2506.03(A)(1), PNS failed to identify or present the court with any additional evidence
admitted or proffered which was not included in the record of the proceedings. Further,
while PNS argues in this assignment of error the board failed to file conclusions of fact
supporting its decision, a document titled “Findings of Fact to Support Decision to Deny”
was filed with the record of the proceedings as Exhibit F.
{¶32} PNS also argues the court abused its discretion in failing to review the entire
Building Department file. While the court states in its judgment entry the complete
Building Department record was forwarded promptly, if this is indeed the case, the
Building Department record was not filed as part of the record before this Court. However,
we find no abuse of discretion in failing to file or review the Building Department file. PNS
points to nothing in the record suggesting the file was reviewed by the Board of Zoning
Appeals. In fact, the only evidence submitted on the issue was the affidavit of board
member Kathleen Tatarsky, filed by Canton, averring she did not review the entire
Building Department file on the property, and the file was not presented or considered at
the Board of Zoning Appeals meeting. We find no abuse of discretion in the trial court’s
Stark County, Case No. 2019 CA 00148 14
failure to consider the Building Department file, as the record demonstrates it was not
considered at the meeting.
{¶33} PNS argues the decision was based on hearsay and on evidence irrelevant
to abandonment. “Since the BZA is not a court of law, it is not required to follow the rules
of evidence, including the admissibility of evidence and hearsay testimony, as well as
rulings on objections. The fact that the BZA may be composed of a body of lay people
must be taken into consideration * * *.” Hollinger v. Pike Twp. Bd. of Zoning Appeals, 5th
Dist. Stark No. 2009CA00275, 2010-Ohio-5097, ¶ 60, quoting North Coast Payphones,
Inc. v. Cleveland, 8th Dist. Cuyahoga No. 88190, 2007–Ohio–6991, ¶11.

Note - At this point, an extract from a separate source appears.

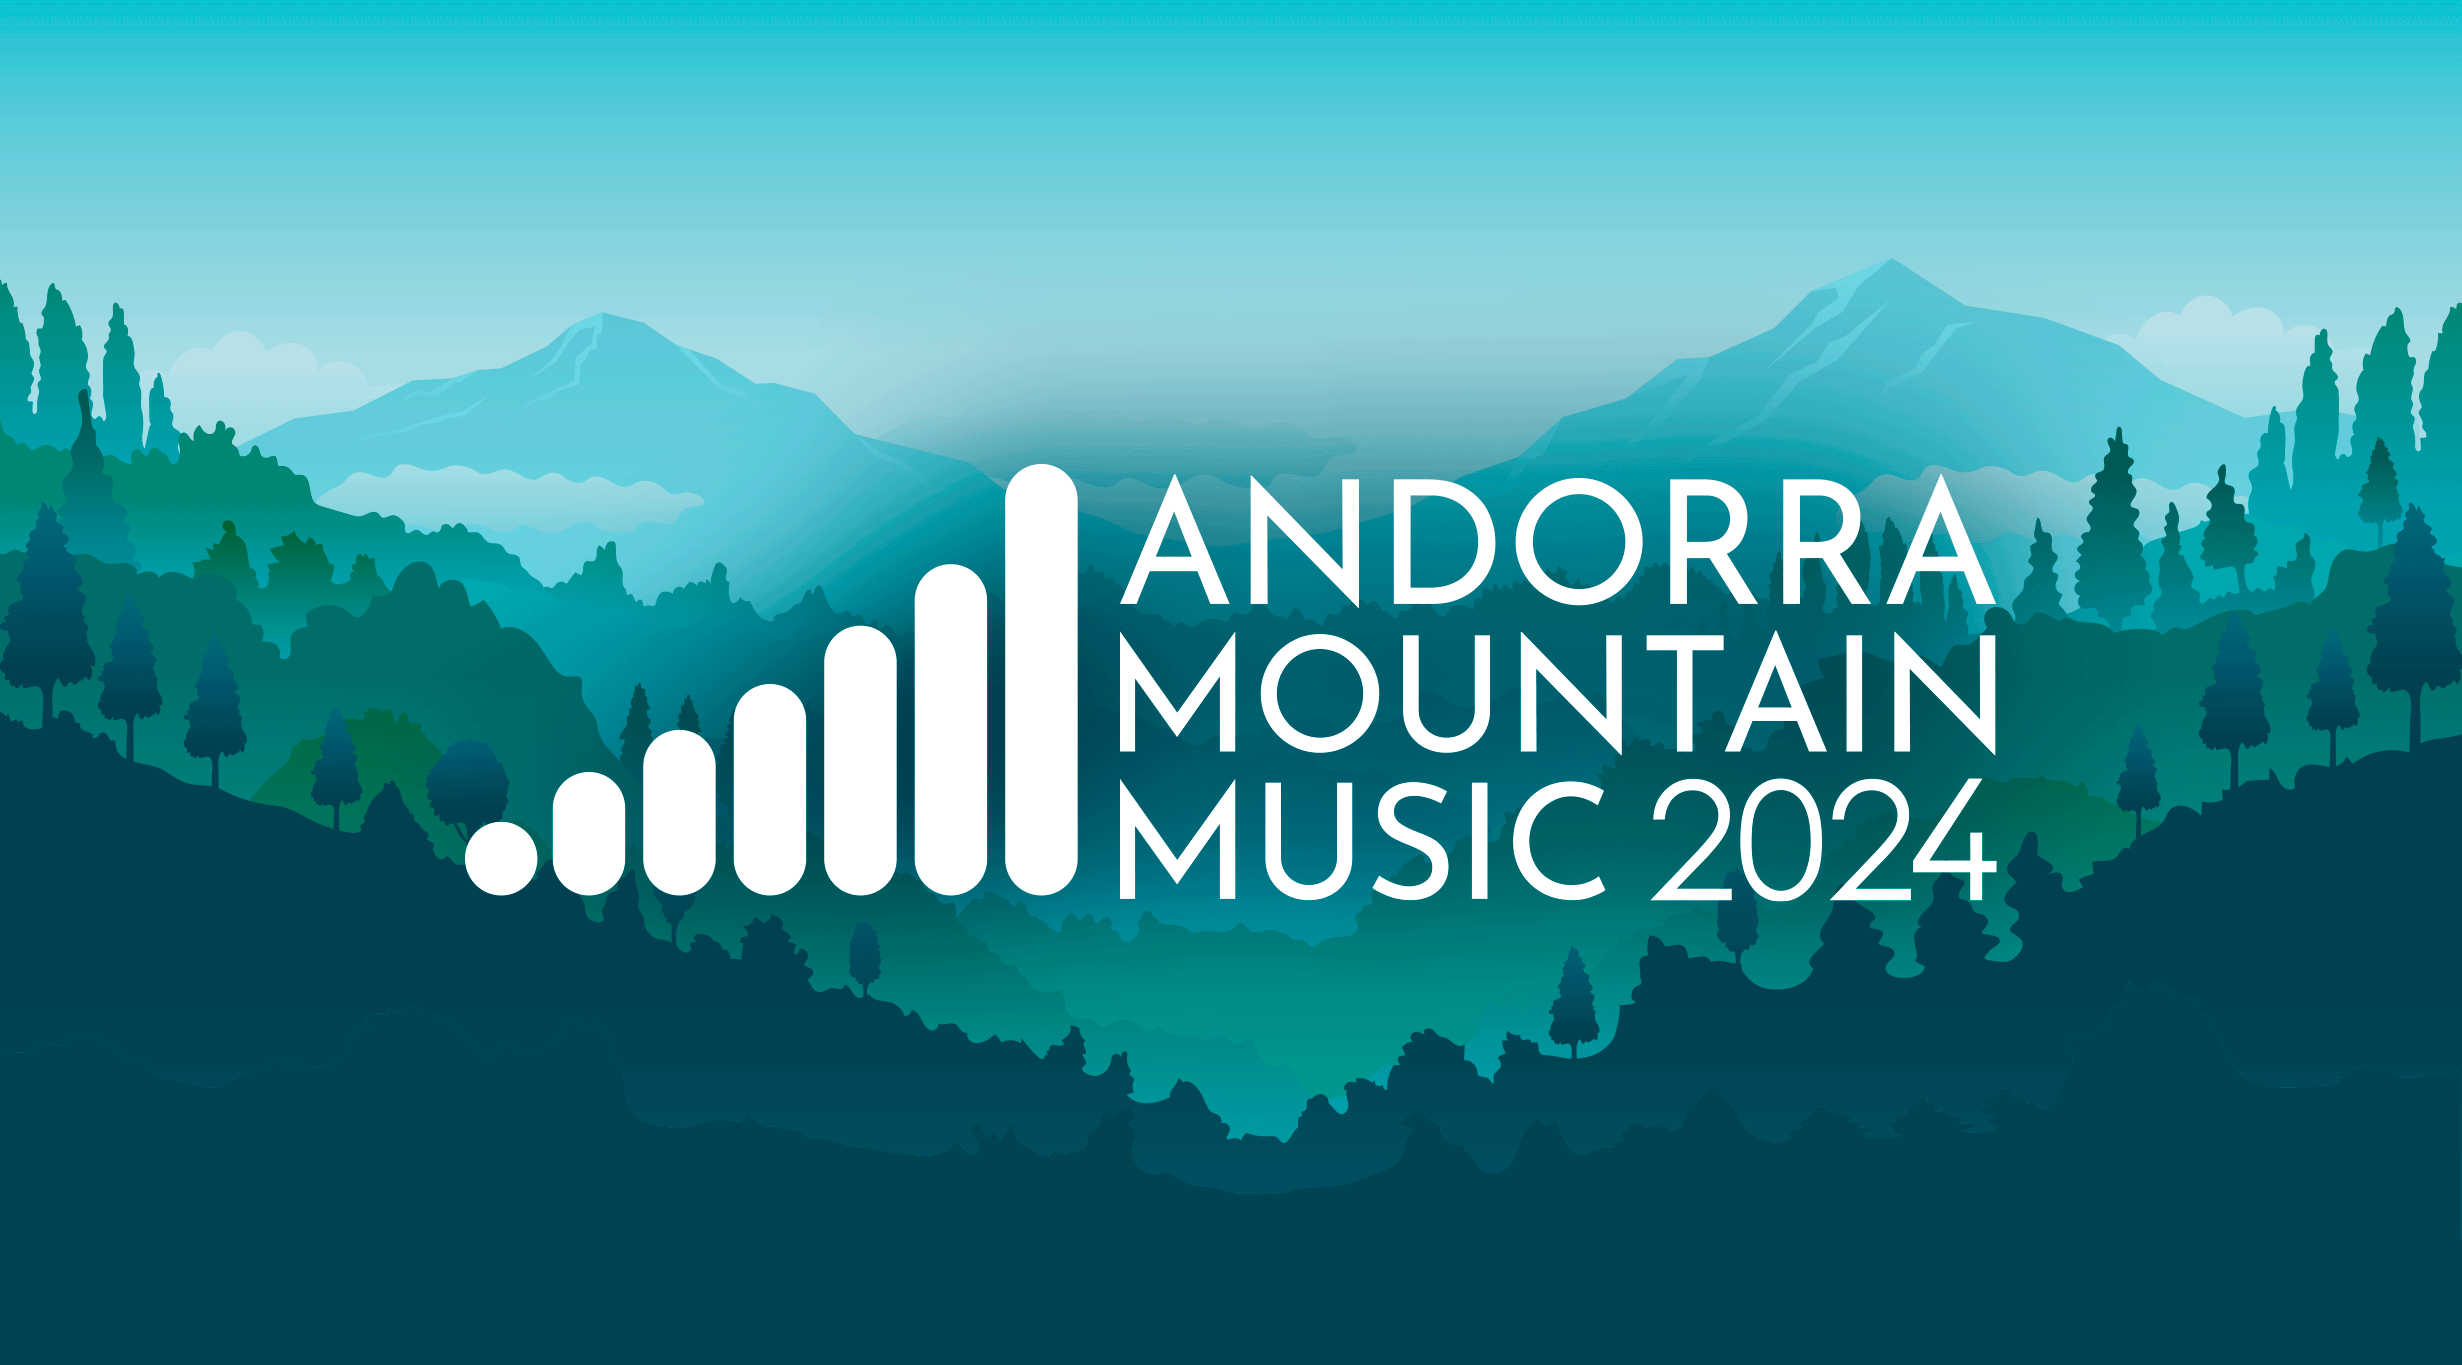 Andorra Mountain Music presale information on freepresalepasswords.com

{¶34} We find no error in the consideration of hearsay testimony. Further, while
evidence was presented of matters not relevant to abandonment, such as problems with
PNS’s other rental properties and the effect on the community of a four-unit rental, the
record reflects legal counsel for Canton steered the testimony toward the issue of
abandonment at several points in the hearing, and the factual conclusions of the board
members reflect they focused properly on the issue of abandonment or discontinuation
of the nonconforming use.
{¶35} Finally, PNS argues the court abused its discretion in finding the owners of
the property intended to abandon the nonconforming use because they continued to pay
registration fees for a four-unit rental property. For the reasons set forth in our discussion
of the first assignment of error, we find the court did not abuse its discretion in affirming
the decision of the Board of Zoning Appeals on this issue.

Stark County, Case No. 2019 CA 00148 15
{¶36} The second assignment of error is overruled.

Outcome: The judgment of the Stark County Common Pleas Court is affirmed.